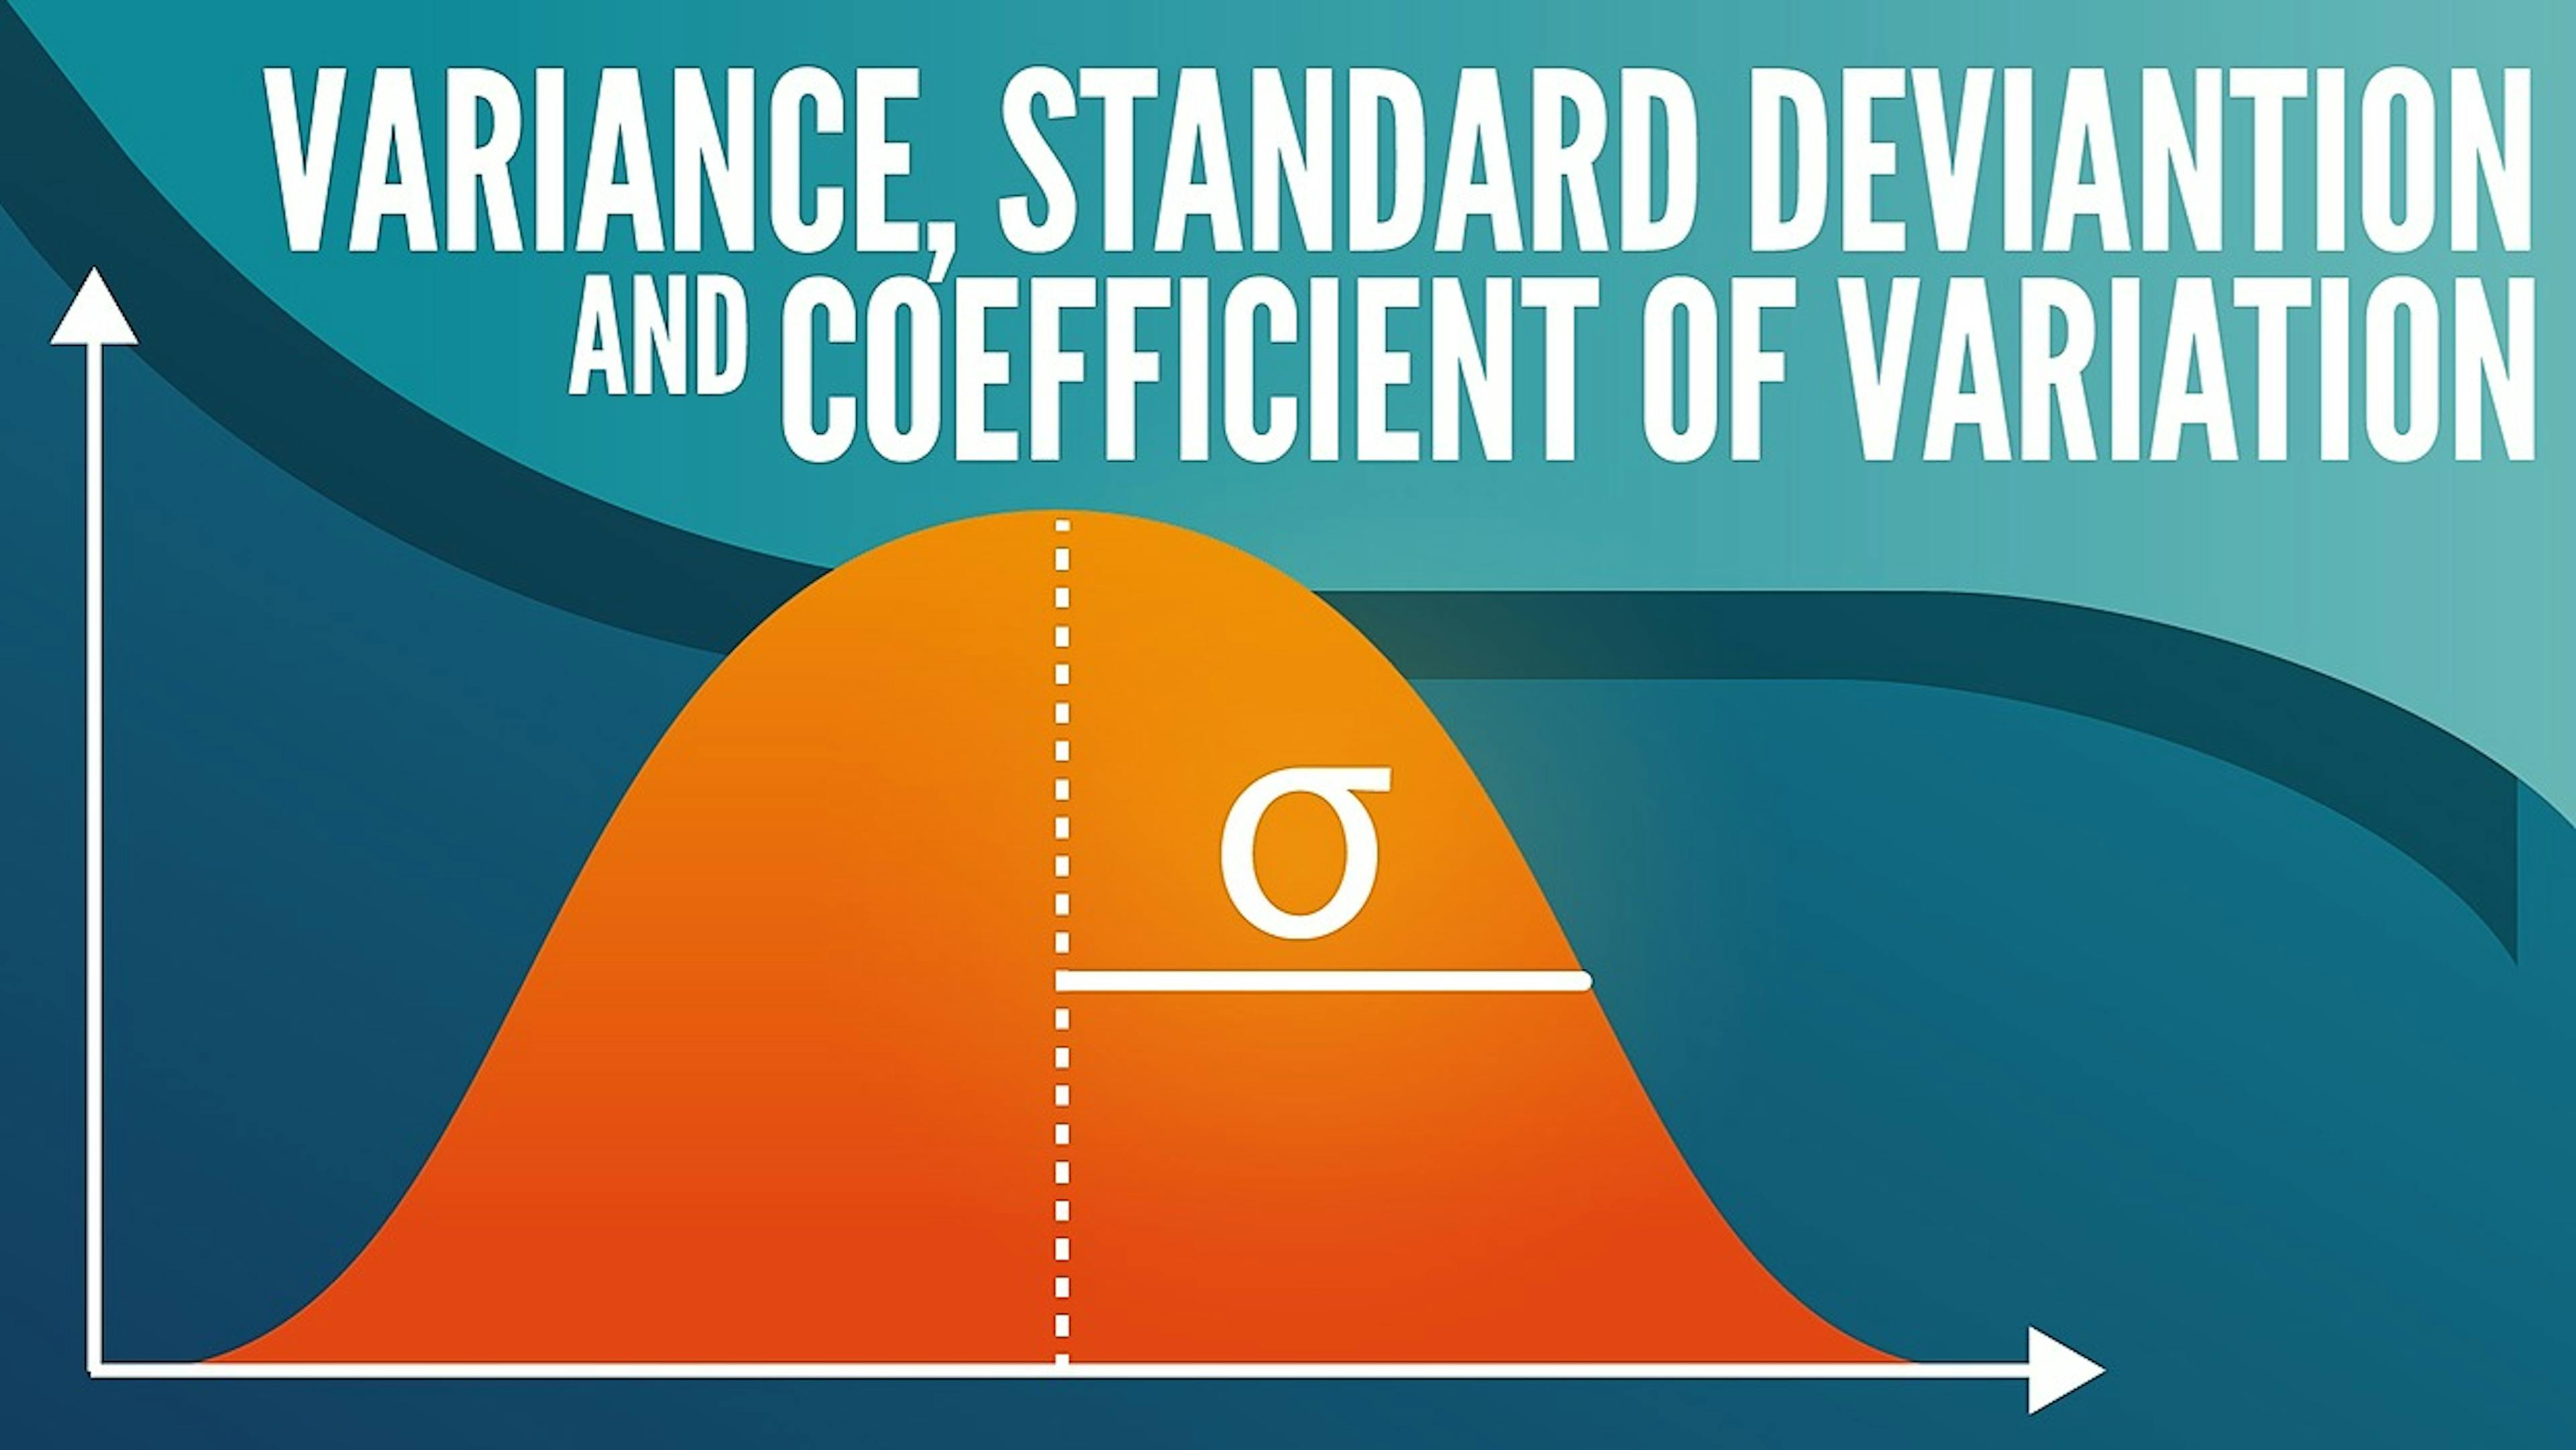 featured image - Quantifying Variability: Variance, Standard Deviation, and Coefficient of Variation
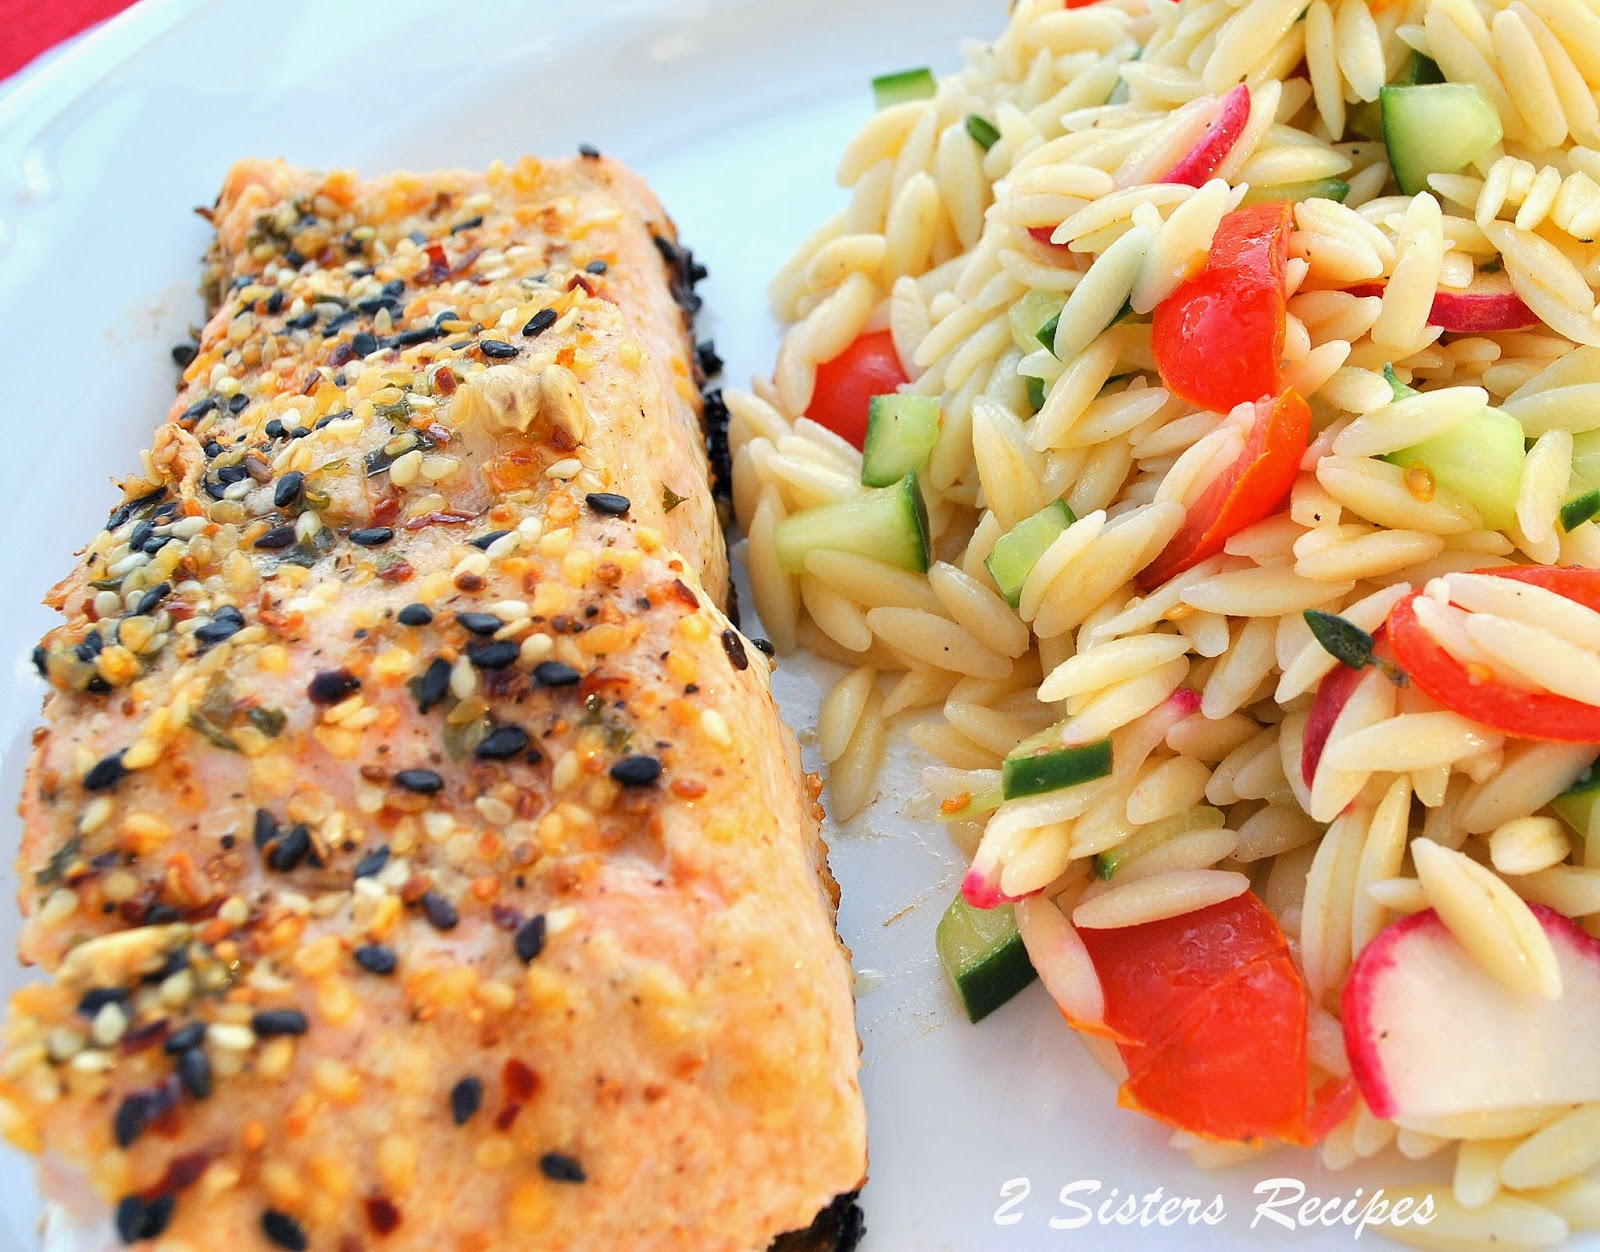 Grilled Sesame Ginger Salmon by 2sistersrecipes.com
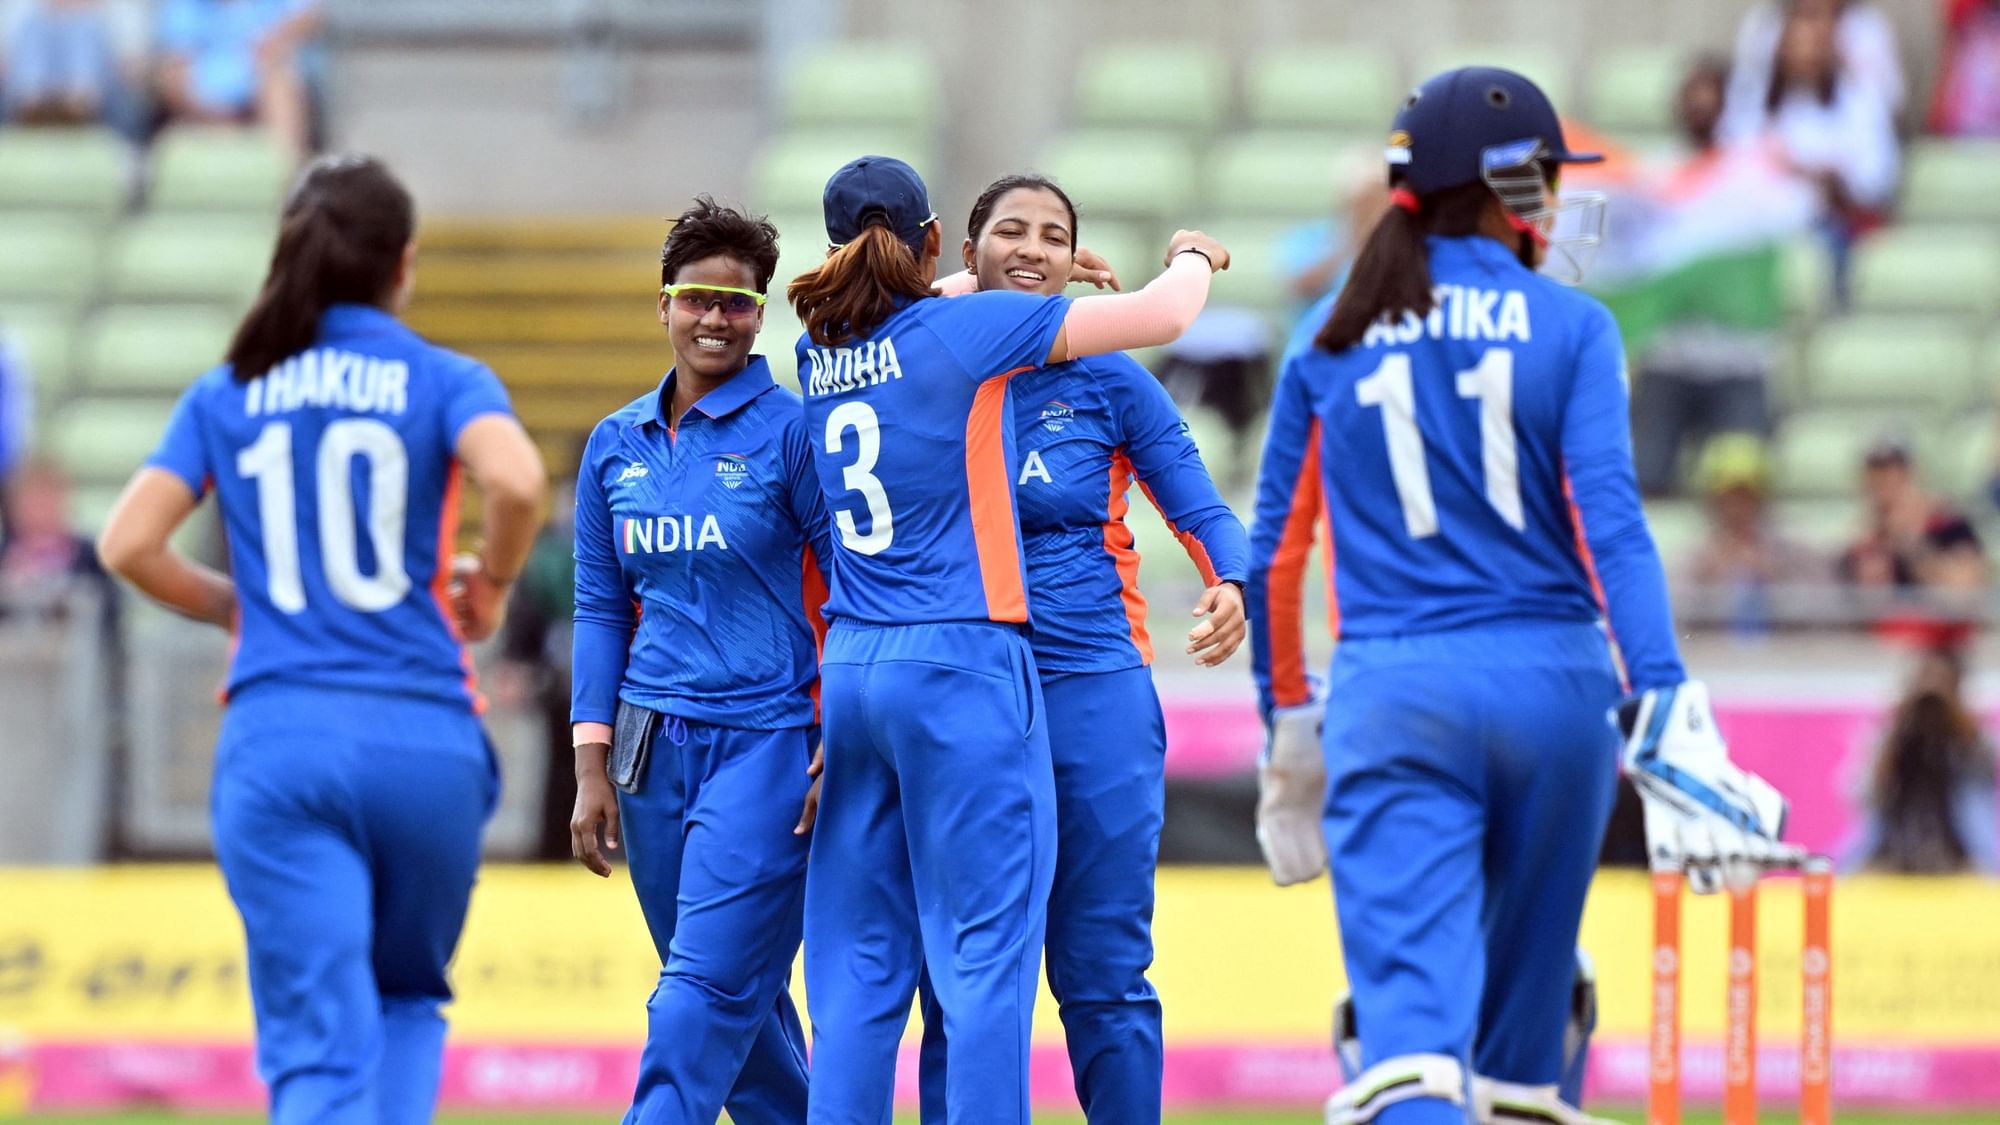 <div class="paragraphs"><p>Indian Women's Cricket Team in action at Edgbaston Cricket Ground during Commonwealth Games 2022.</p></div>
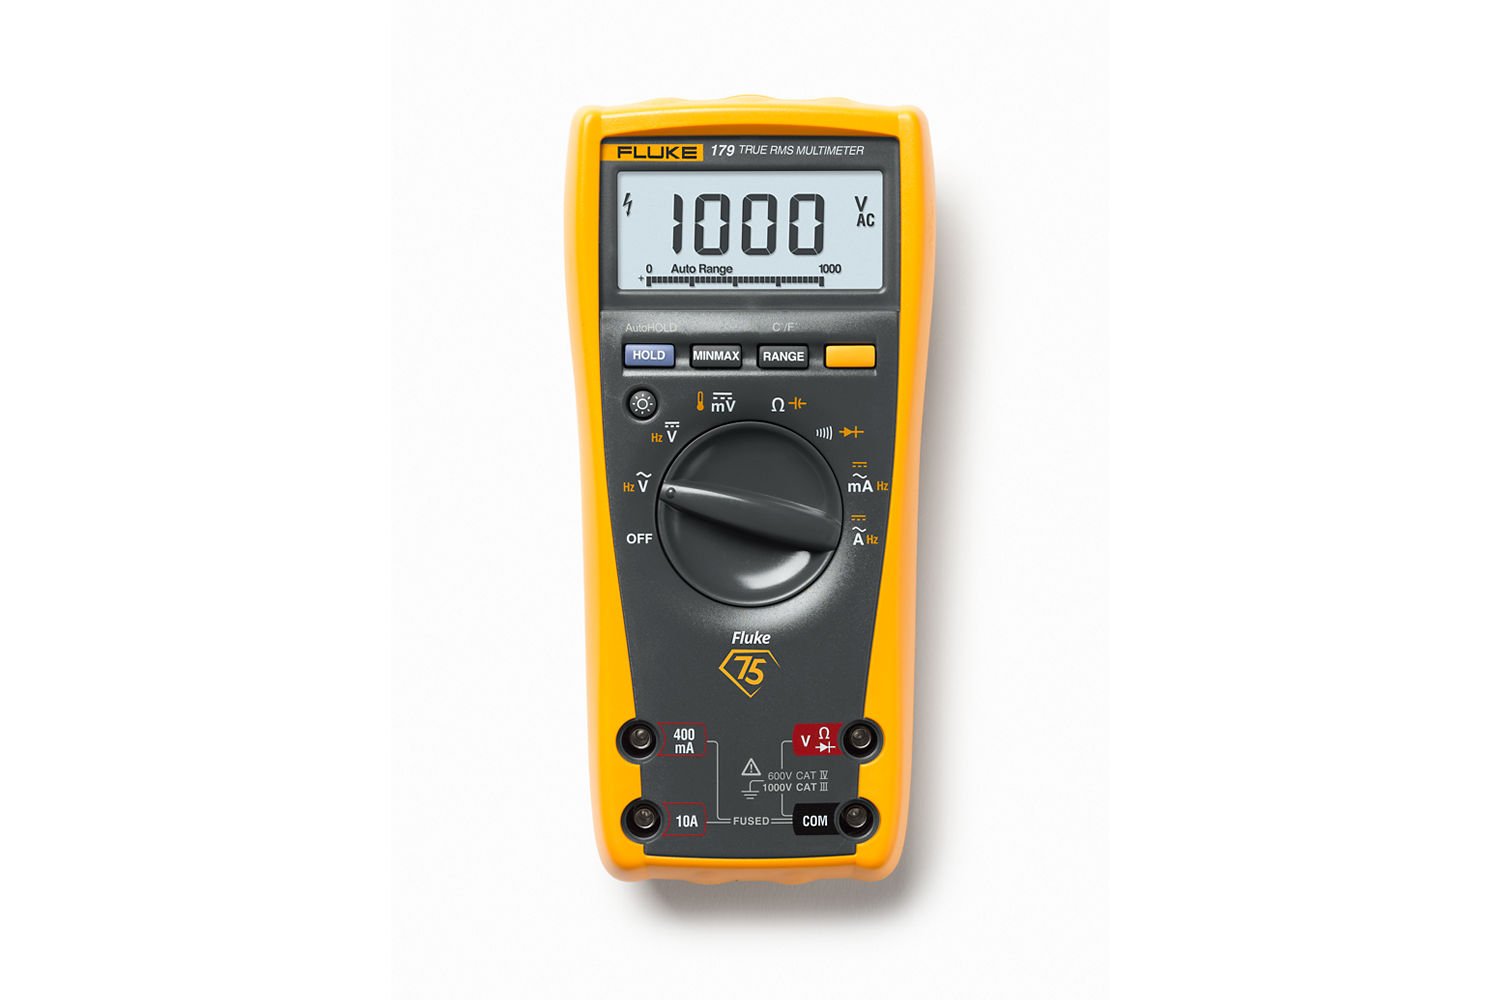 Fluke 179 Special Edition with Fluke 75 years logo at a special price PLUS a FREE TB25

### Exercise prompt
Output the listing exactly, pictures excluded.

### Result for this task
 featured image - Quantifying Variability: Variance, Standard Deviation, and Coefficient of Variation
 Grilled Sesame Ginger Salmon by 2sistersrecipes.com
 <div class="paragraphs"><p>Indian Women's Cricket Team in action at Edgbaston Cricket Ground during Commonwealth Games 2022.</p></div>
 Fluke 179 Special Edition with Fluke 75 years logo at a special price PLUS a FREE TB25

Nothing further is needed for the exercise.